The Expos go down quietly, losing 9-1 to, of all teams, the Florida Marlins, the team that Expos owner Jeffrey Loria was allowed to buy, and giving the Expos back to Major League Baseball, having stripped the franchise of pretty much its entire front office, and even its broadcast team, including Hall-of-Famer Dave Van Horne.

To make matters worse still, the winning pitcher for the Marlins was an Ex-Expo, Carl Pavano. The last Expos play was Terrmel Sledge, batting against Rudy Seanez, popping up to 3rd baseman Mike Mordecai. A crowd of 31,395 came to say Au revoir.

Although the Olympic Stadium has since held preseason games, involving Canada's remaining MLB team, the Toronto Blue Jays, and both the Tampa Bay Rays and the Oakland Athletics have struggled in their bids to keep their fans and build new ballparks to replace inadequate stadiums, it is unlikely that a new team -- expansion or moved -- will be placed in Montreal until the City, or the Province of Quebec, is will to spend the money to build a new ballpark there. And that's not going to happen anytime soon.

September 29, 2015: The Los Angeles Dodgers win their 3rd straight National League Western Division title, and away to their arch-rivals, no less. Clayton Kershaw pitches a 1-hit, 13-strikeout, 1-walk shutout, and the Giants beat the San Francisco Giants, 8-0 at AT&T Park. However, the Dodgers still have Don Mattingly as manager. The Curse of Donnie Baseball will strike again.

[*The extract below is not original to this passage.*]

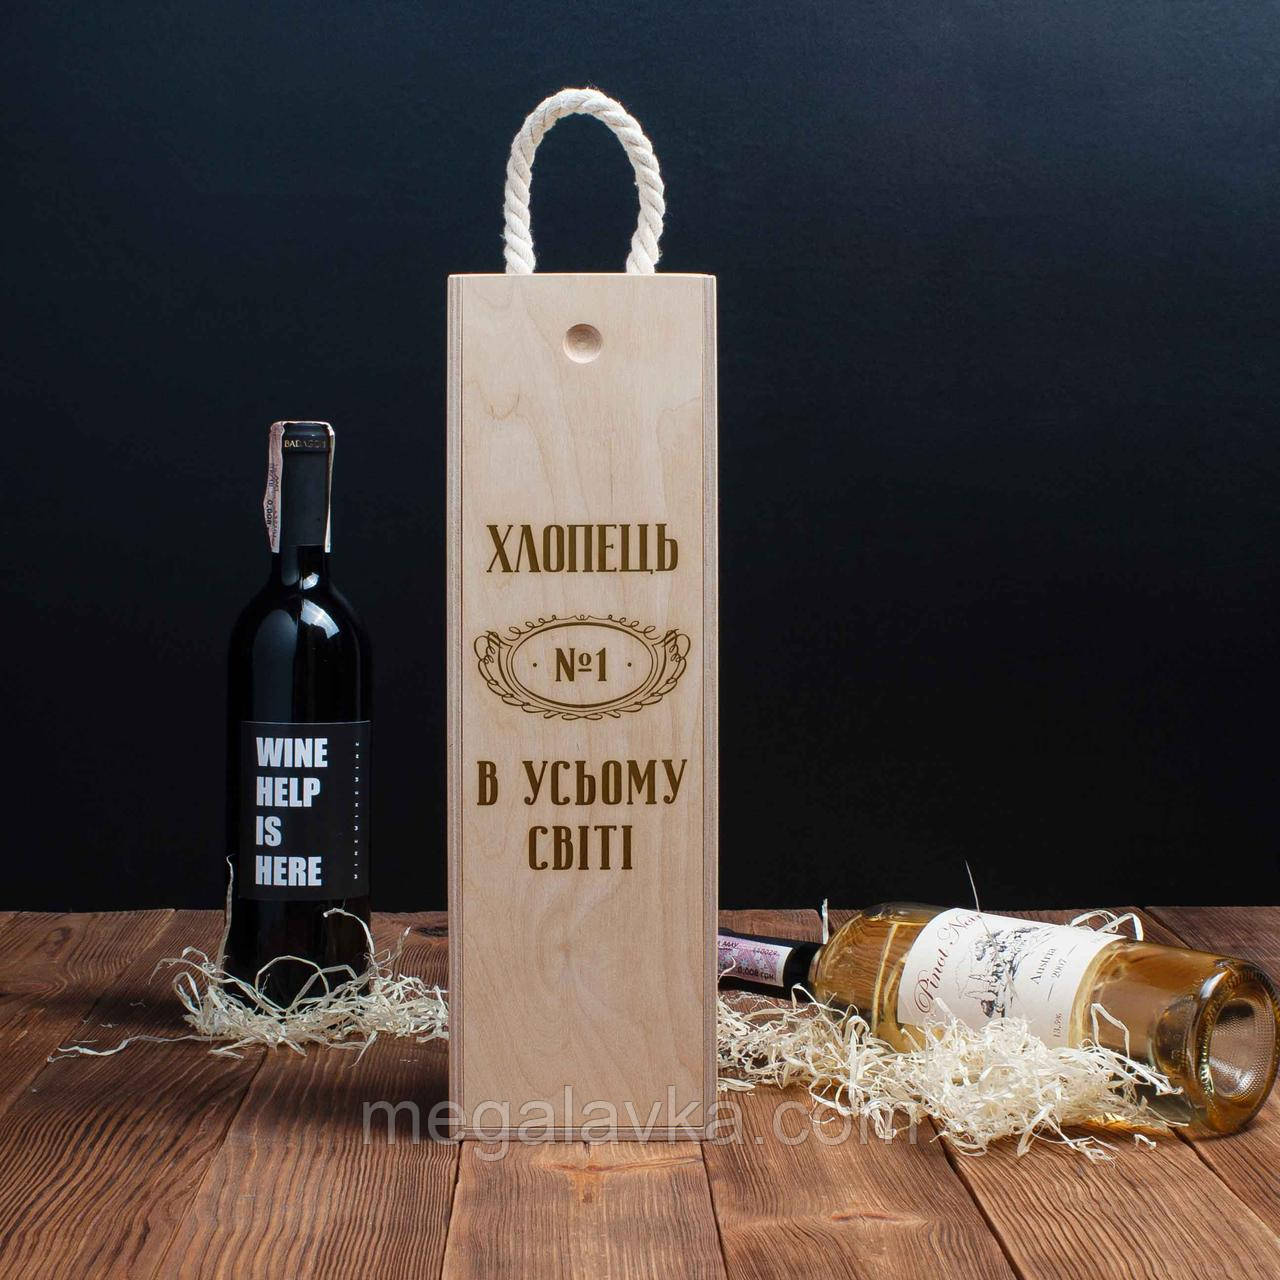 Коробка для пляшки вина "Хлопець №1 в усьому світі" подарункова
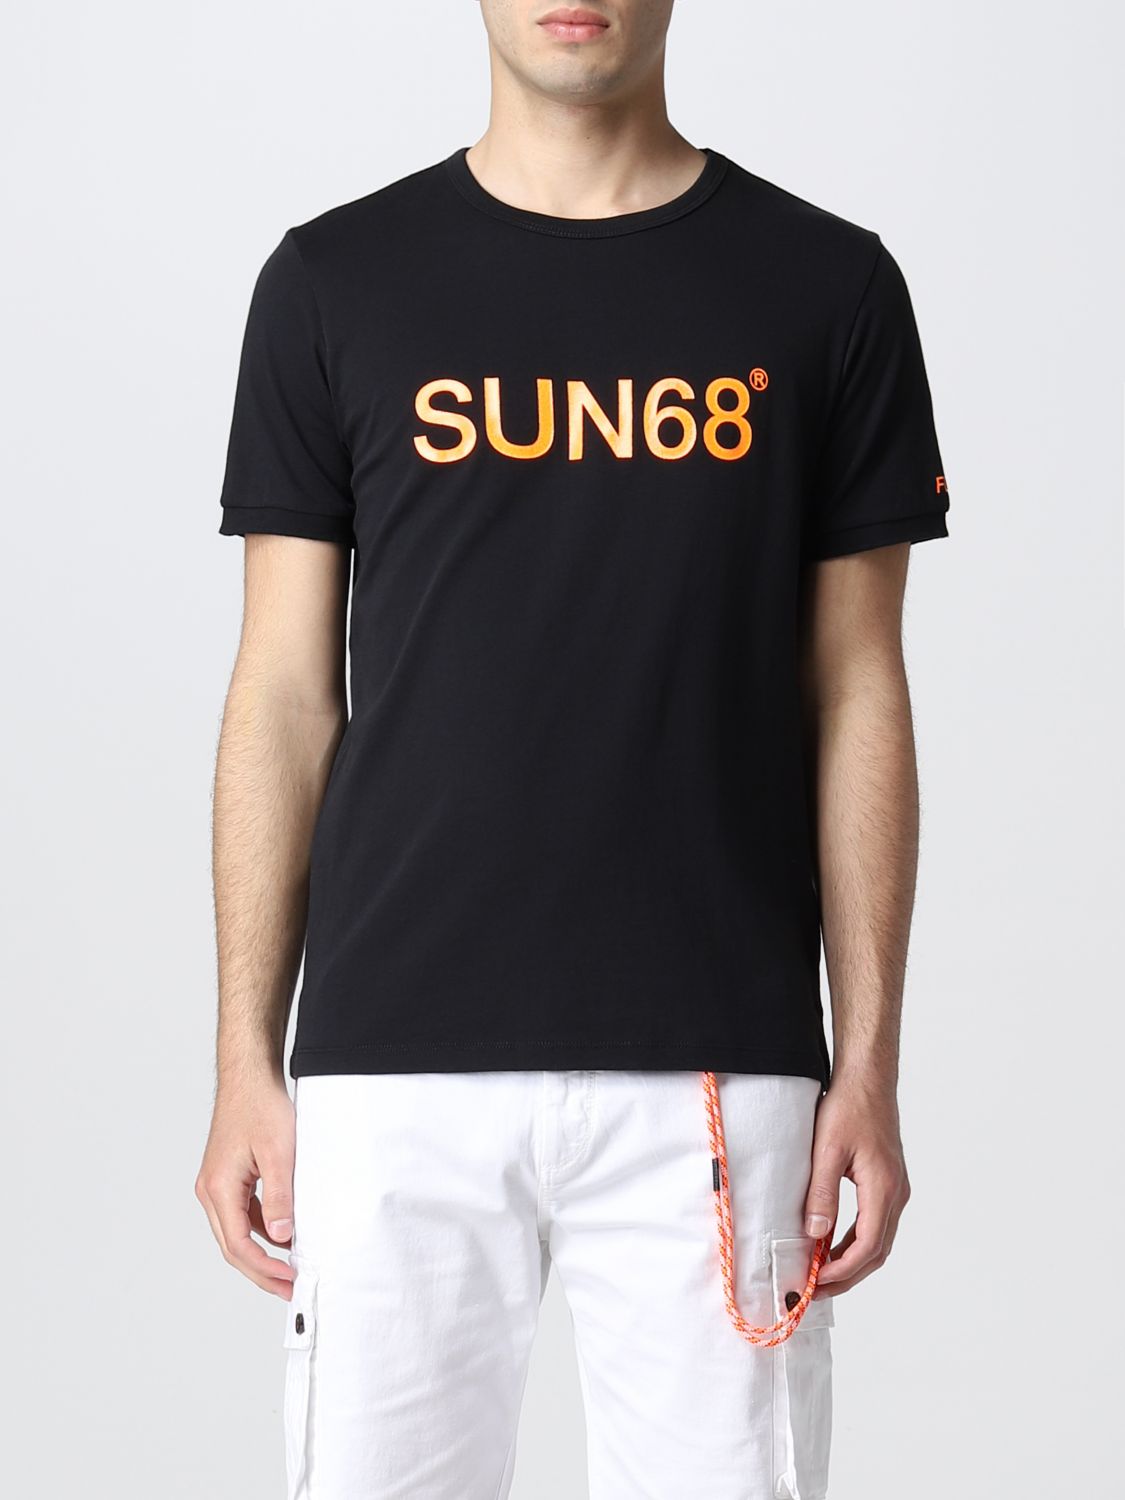 Tシャツ Sun 68: Tシャツ Sun 68 メンズ ブラック 1

On this same day, across the Bay, the Oakland Athletics announce the hiring of Dr. Justine Siegal, to pitch batting practice for their off-season Instructional League team, in the Phoenix suburb of Mesa, Arizona. This makes her the 1st female coach to be hired by a Major League Baseball team. This is the closest any woman has ever gotten to a major league roster.